# Parking Neuschwanstein



## pomme1 (May 19, 2005)

Does anyone know if there is M/H parking available at Neuschwanstein, not overnight, but just as a day visitor?

Thanks in advance.

Roger


----------



## JeanLuc (Jan 13, 2007)

I would imagine there is but when we drove round the castle circuit in July 2010 there was hardly room to swing a Smart car, let alone park a motorhome.


----------



## peejay (May 10, 2005)

If you look in the campsite database there is one that I entered a few years ago. Sorry unableto do a link at the moment but its listed under mh friendly parking.

Pete


----------



## HH66 (Oct 19, 2008)

Yes.
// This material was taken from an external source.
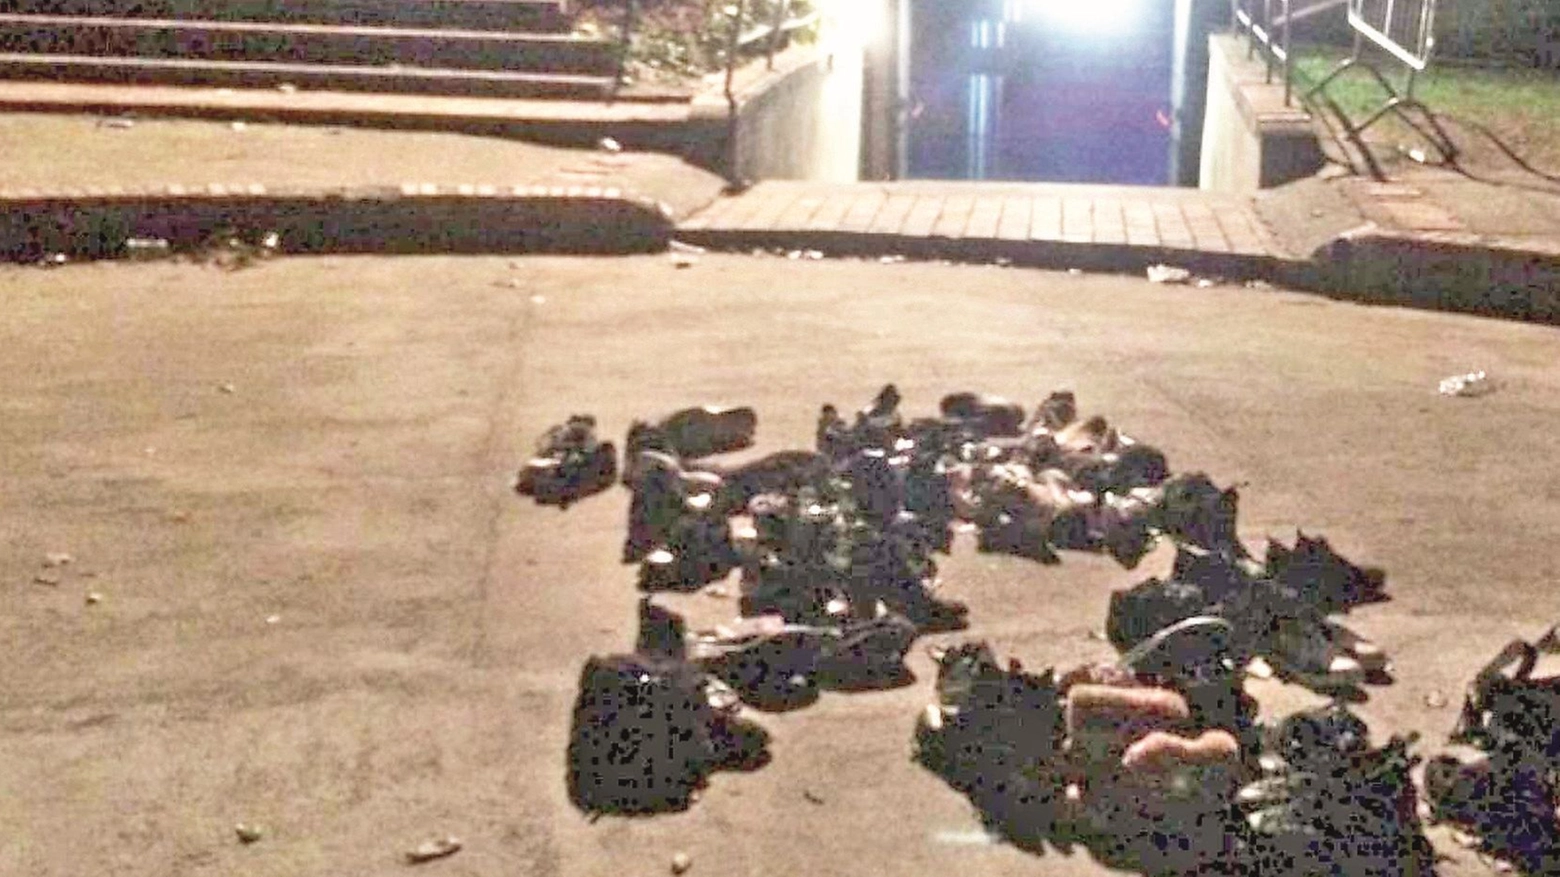 Un’immagine agghiacciante: le scarpe perse dai ragazzi nella fuga dalla discoteca
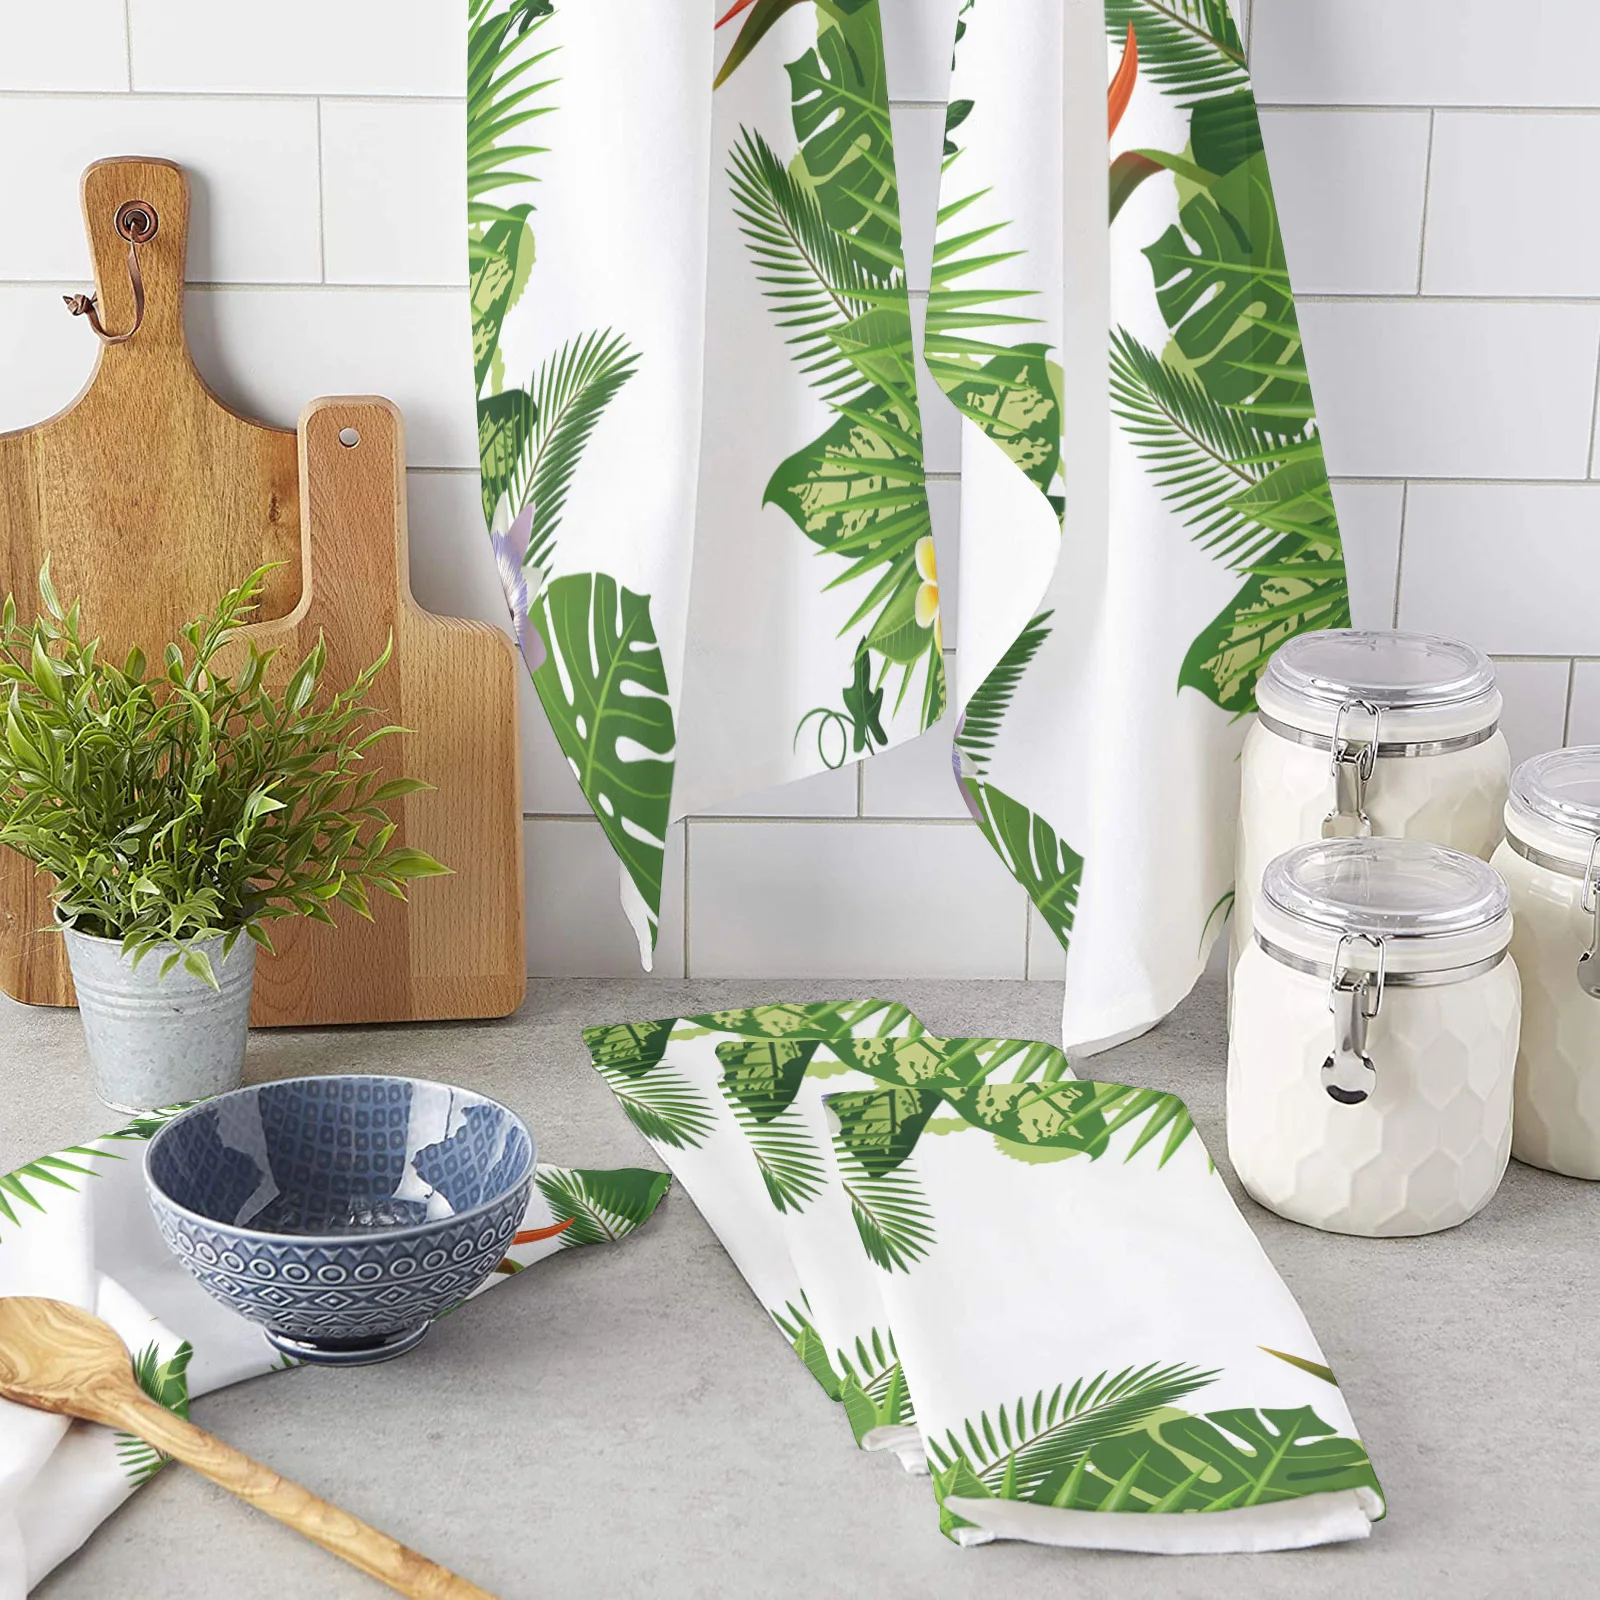 

Полотенце кухонное с принтом зеленых листьев, бананов, тропических джунглей

We parked there last summer along with dozens of other motorhomes of all nationalities. You pay more for MH parking. Get there early and try to book your ticket in advance - the ticket collection queues are much shorter than those for buying tickets on the day.
HH


----------



## pomme1 (May 19, 2005)

Thanks very much folks.


----------



## Andysam (May 10, 2005)

As above. Areas are set aside in the car parks. If you aren't fit or terribly mobile, pay for the land ferry to the castle!


----------



## Markt500 (Mar 23, 2010)

Yes, plenty. Theres a large carpark there - follow the signs and you will see all the motorhomes already parked there. Wasn't expensive either, as I recall


----------



## Jean-Luc (Jul 21, 2005)

There is also a very good Stellplatz close by, E10 per night a few years ago with good services inc. showers.


----------